With all that’s been going on with Carol’s mother and the deaths over this last year, I have not thought consciously at least that much of Brother Dan’s stroke. I have managed to see him nearly every week—not as frequently lately as school and getting ready for it approaches, but the other day he sent me some aphasia poetry. Because that’s what he has—though it is getting better—aphasia. Anyway that made me remember; and realize too that I have not really forgotten about it.

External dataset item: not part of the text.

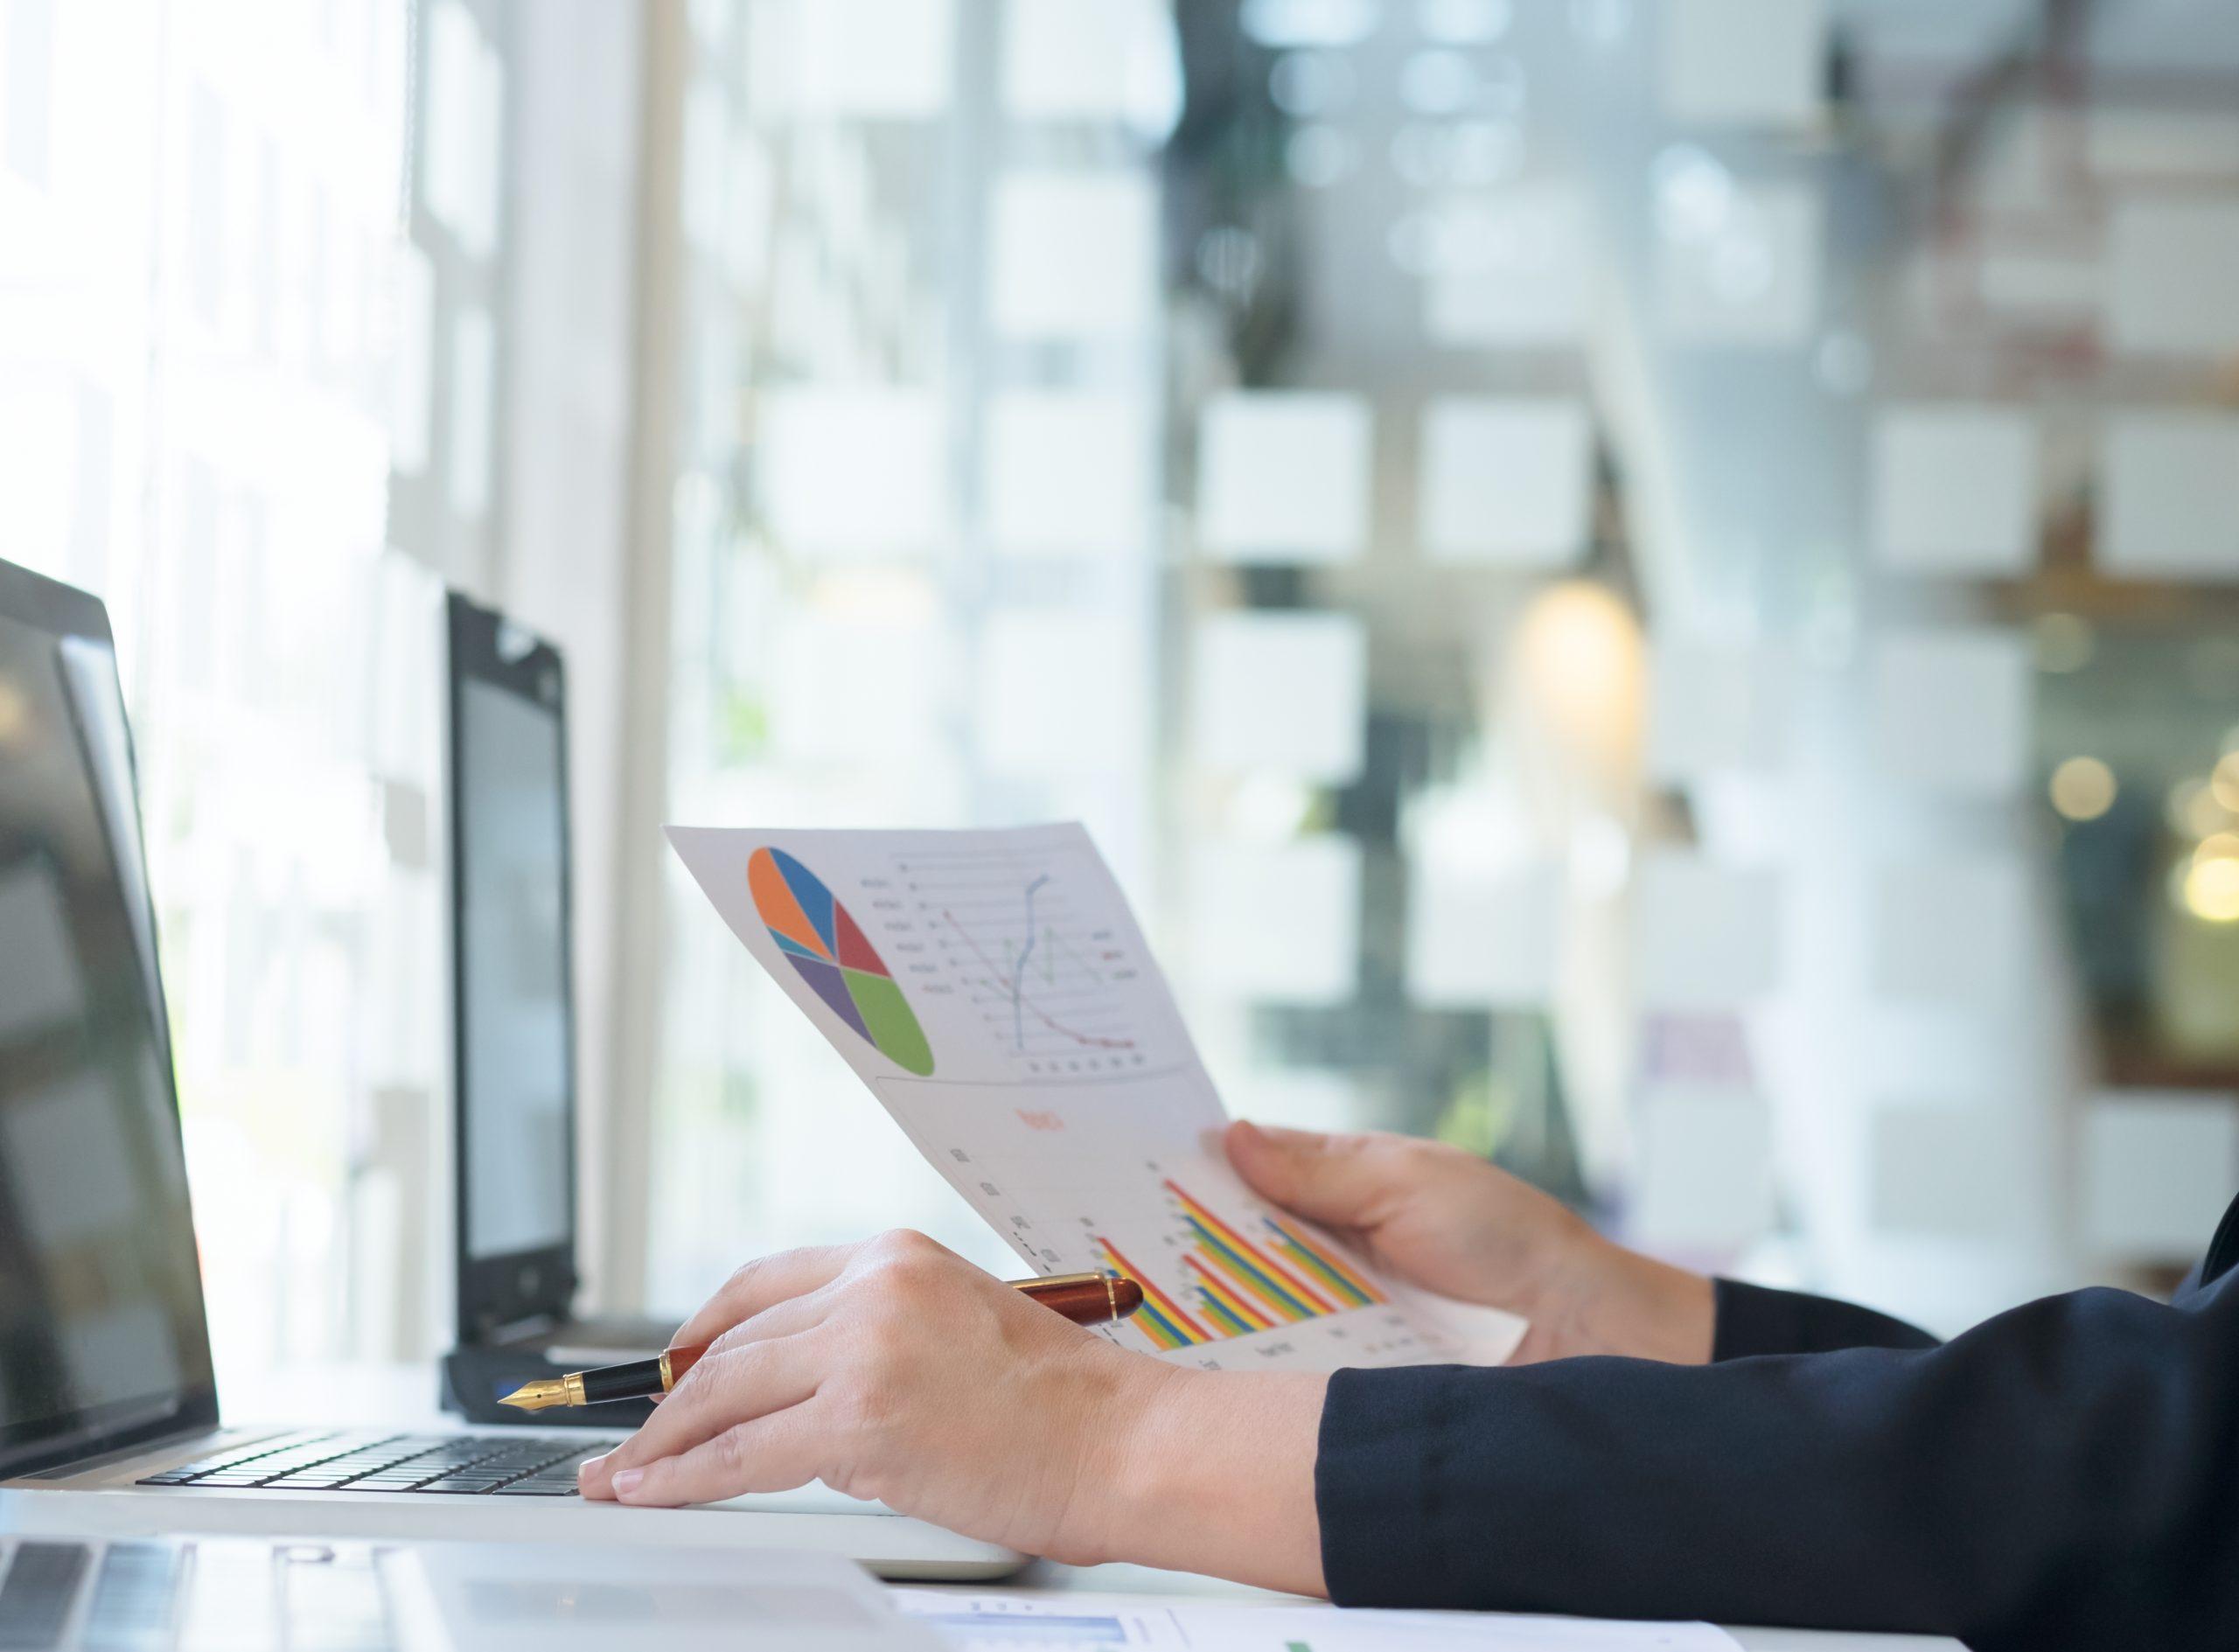 Vốn hóa là gì? Những gì Nhà đầu tư cần biết về Vốn hóa Thị trường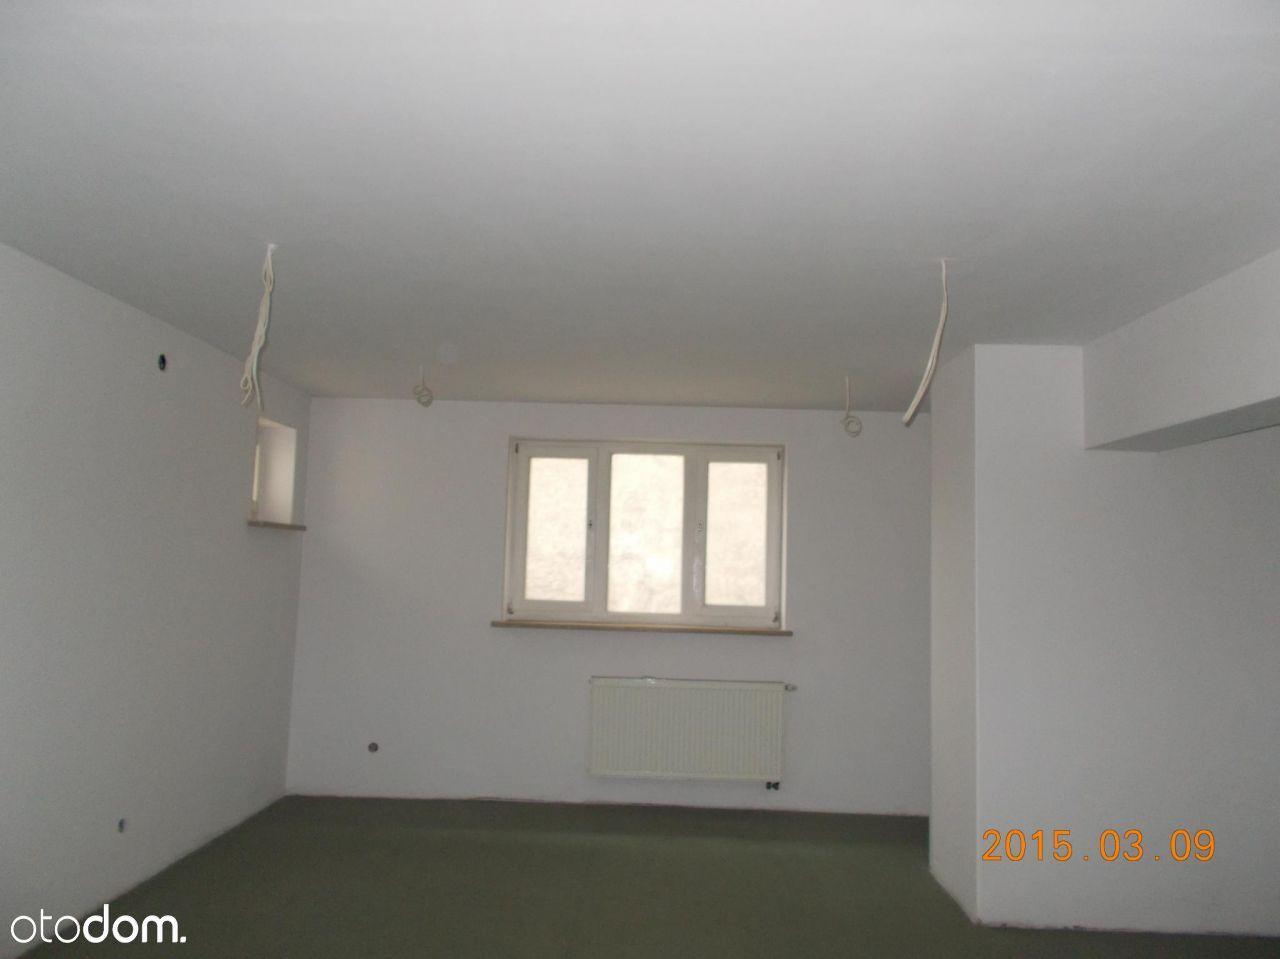 Lokal użytkowy na sprzedaż, Braniewo, braniewski, warmińsko-mazurskie - Foto 5

I have had lately memory problems; the result I expect of no more than aging. But I spoke with a colleague the other day whose mother, only in her mid seventies, is showing signs of Alzheimer. He went to where she lives—for a while during the summer—to spell his father who was becoming worn out from tending his mother. Amazing, to think, I think: of the memory just going. Not just forgetting but not even knowing that one has forgotten.
I can’t imagine what that might be like: like drifting up in the clouds perhaps, unattached, with a bottomless pit right below. Especially when the short term goes; you might wash your face over and over, forgetting as you blink your eyes, each time that you had forgotten.
I think this just incomprehensible: to lose your mind in this way; and not even know that you have lost it because the mind is just the brain in situ. One might know, by means of the brain that one has lost one’s arm or one’s sight or that one is losing one’s strength. But when the mind itself is being lost there is nothing to know the loss.
I get cold with fear thinking about it. And wondering if that loss waits around the corner for me.
But this is what Brother Dan, in a different form, has been struggling with for eight months now. Does he have problems with memory? Maybe yes, maybe no. Certainly not of the short term kind, and if of the long term, I don’t know. When he says something is 12,000 dollars and he meant 1200 dollars, did he forget that it was just 1200 or did his mind misspeak, mistaking 12000 for 1200. I don’t know if he would know, or if I would know, for that matter, unless somebody had been there to say otherwise, because at times at least I don’t think he knows he has misspoken.
They say the intelligence of the aphasiac is frequently unimpaired. But how would one know. How could you give a cat a test to see if it is going blind, since he cannot tell you want it sees. I think Dan’s intelligence is unimpaired. But were he to take some sort of verbal comprehension test he would do poorly I think.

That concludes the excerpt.